The nurse in the physician's office is caring for a 41-year-old female client.
Item 1 of 1
Progress Notes
1043
Subjective: Client presents for a follow-up appointment five weeks after she was prescribed sertraline for depressive symptoms. She reports no improvement and even reports worsening as she is having difficulty focusing at work. Specifically, she reports feeling like she is in a 'brain fog.' Two weeks ago, she started taking over-the-counter stool softeners because of constipation, which did not improve even after introducing more fiber in her diet. Finally, she reports that her shoes are no longer fitting because of edema in her ankles and feet.
Objective: Client is alert and oriented to person, place, and time. 2+ peripheral pulses. S1/S2 heart tones. Hypoactive bowel sounds in all quadrants. Clear lung sounds. Trace periorbital and 1+ pedal edema.
Assessment and plan: Will order laboratory testing as this client is showing strong clinical signs of primary hypothyroidism.
Vital Signs
T 97°F (36.1°C) P 58 RR 16 BP 107/65 Pulse oximetry reading 98% on room air
Orders
obtain thyroid panel
discontinue sertraline
The nurse reviews the physician's progress notes, orders, and the client's vital signs. Complete the sentence below with the appropriate answers. If the client has primary hypothyroidism, the client's thyroid panel will have a high...... and low......
- A. thyroid-stimulating hormone (TSH)
- B. free thyroxine (T4)
- C. serum triiodothyronine (T3)
- D. thyroid-stimulating hormone (TSH).
- E. free thyroxine (T4).
- F. thyrotropin receptor antibodies (TRAbs).
Correct Answer: A, B
Rationale: Primary hypothyroidism involves low thyroid hormone production, so TSH rises to stimulate the gland, and free T4 falls due to reduced output. T3 and TRAbs are less specific here.
The nurse is caring for a client scheduled for a computed tomography (CT) scan with contrast. The nurse recognizes which medication should be held after the procedure?
- A. labetalol
- B. metformin
- C. levodopa
- D. ondansetron
Correct Answer: B
Rationale: Metformin should be held after a CT scan with contrast due to the risk of lactic acidosis if contrast-induced nephropathy occurs. Labetalol, levodopa, and ondansetron are not affected by contrast.

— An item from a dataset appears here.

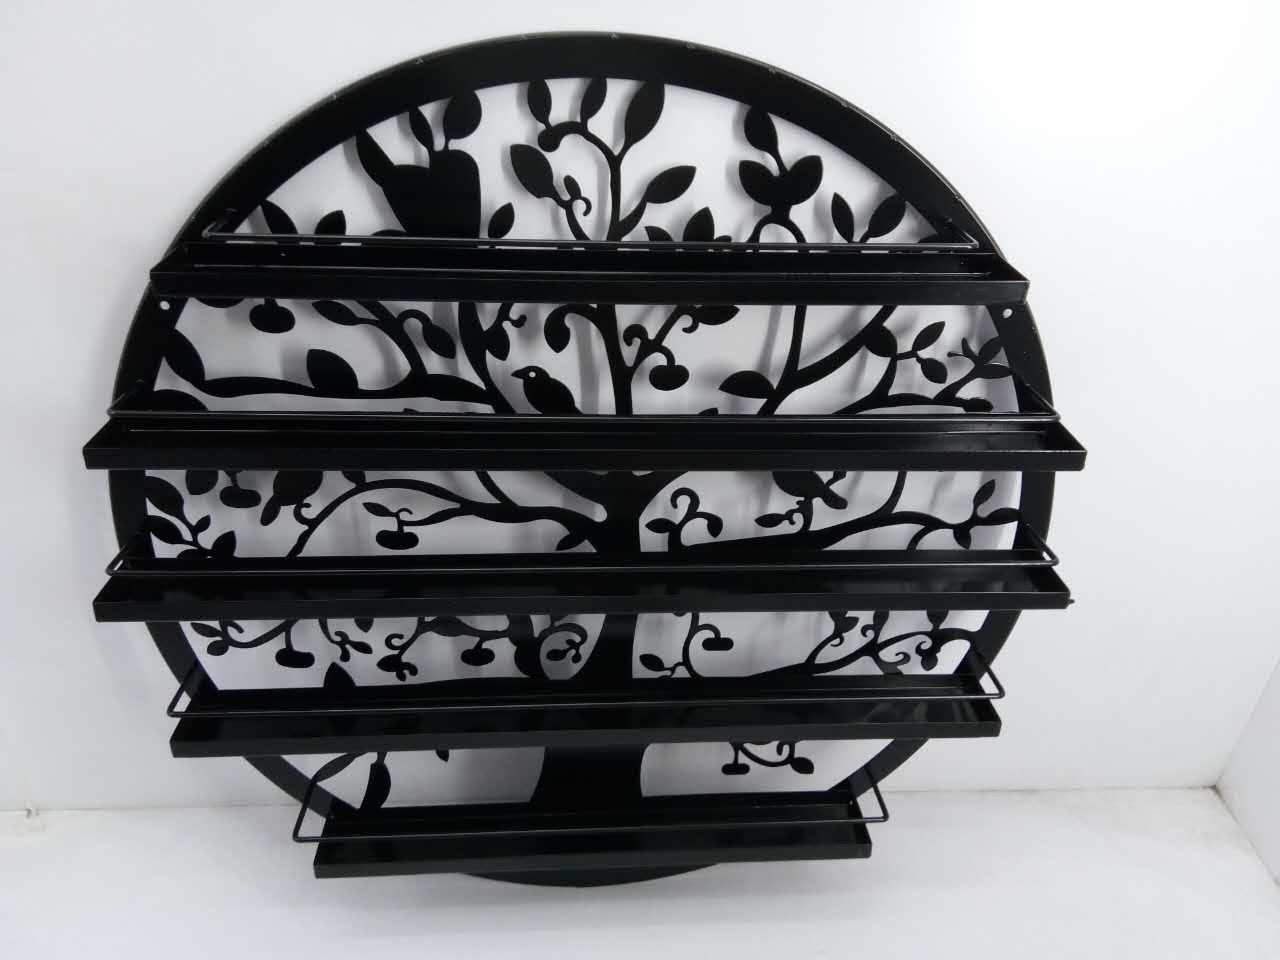 Erfreut Nagellack Wand Kanada Rack Galerie - Nagellack-Design-Ideen ...

The nurse is caring for a client with diabetes mellitus (type one) with diabetic ketoacidosis (DKA). Which laboratory result is critical for the nurse to monitor closely during the client's treatment?
- A. Blood urea nitrogen (BUN)
- B. Serum creatinine
- C. Serum potassium
- D. Serum magnesium
Correct Answer: C
Rationale: In DKA, insulin shifts potassium into cells, risking hypokalemia, which can cause arrhythmias. Close monitoring of serum potassium is critical during treatment.
This nurse is caring for a client who is receiving prescribed tolvaptan. Which of the following findings would indicate a therapeutic response?
- A. Fasting blood glucose 100 mg/dL (5.55 mmol/L) [70-110 mg/dL, 4.0-6.0 mmol/L]
- B. Urine specific gravity 1.010 [1.005-1.030]
- C. Total cholesterol 176 mg/dL (4.55 mmol/L) [-200 mg/dL, 3.5-5.2 mmol/L]
- D. Blood urea nitrogen (BUN) 5 mg/dL (1.785 mmol/L) [10-20 mg/dL, 2.1-8.0 mmol/L]
Correct Answer: B
Rationale: Tolvaptan treats SIADH by increasing free water excretion, lowering urine specific gravity (e.g., 1.010). Glucose, cholesterol, and BUN are not directly affected by tolvaptan.
The nurse has obtained a prescription for desmopressin to treat diabetes insipidus (DI). The nurse understands that it is essential to monitor the clients
- A. serum sodium level.
- B. serum glucose.
- C. serum magnesium level.
- D. serum calcium level.
Correct Answer: A
Rationale: Desmopressin treats diabetes insipidus by reducing water excretion, risking hyponatremia. Monitoring serum sodium is essential. Glucose, magnesium, and calcium are not primarily affected.